— PROBLEM TO WORK ON —
Copy each of the records exactly; leave nothing out.

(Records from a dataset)

◇ ◇ ◇ ◇

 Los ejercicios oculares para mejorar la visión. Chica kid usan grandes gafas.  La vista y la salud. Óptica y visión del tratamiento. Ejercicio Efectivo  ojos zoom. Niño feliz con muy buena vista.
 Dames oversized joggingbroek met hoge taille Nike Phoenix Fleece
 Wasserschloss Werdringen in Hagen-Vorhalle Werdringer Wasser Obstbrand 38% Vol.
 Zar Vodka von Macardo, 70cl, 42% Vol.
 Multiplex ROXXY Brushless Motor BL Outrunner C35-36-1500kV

◇ ◇ ◇ ◇

— ANSWER FOR THIS EXERCISE —
 Los ejercicios oculares para mejorar la visión. Chica kid usan grandes gafas.  La vista y la salud. Óptica y visión del tratamiento. Ejercicio Efectivo  ojos zoom. Niño feliz con muy buena vista.
 Dames oversized joggingbroek met hoge taille Nike Phoenix Fleece
 Wasserschloss Werdringen in Hagen-Vorhalle Werdringer Wasser Obstbrand 38% Vol.
 Zar Vodka von Macardo, 70cl, 42% Vol.
 Multiplex ROXXY Brushless Motor BL Outrunner C35-36-1500kV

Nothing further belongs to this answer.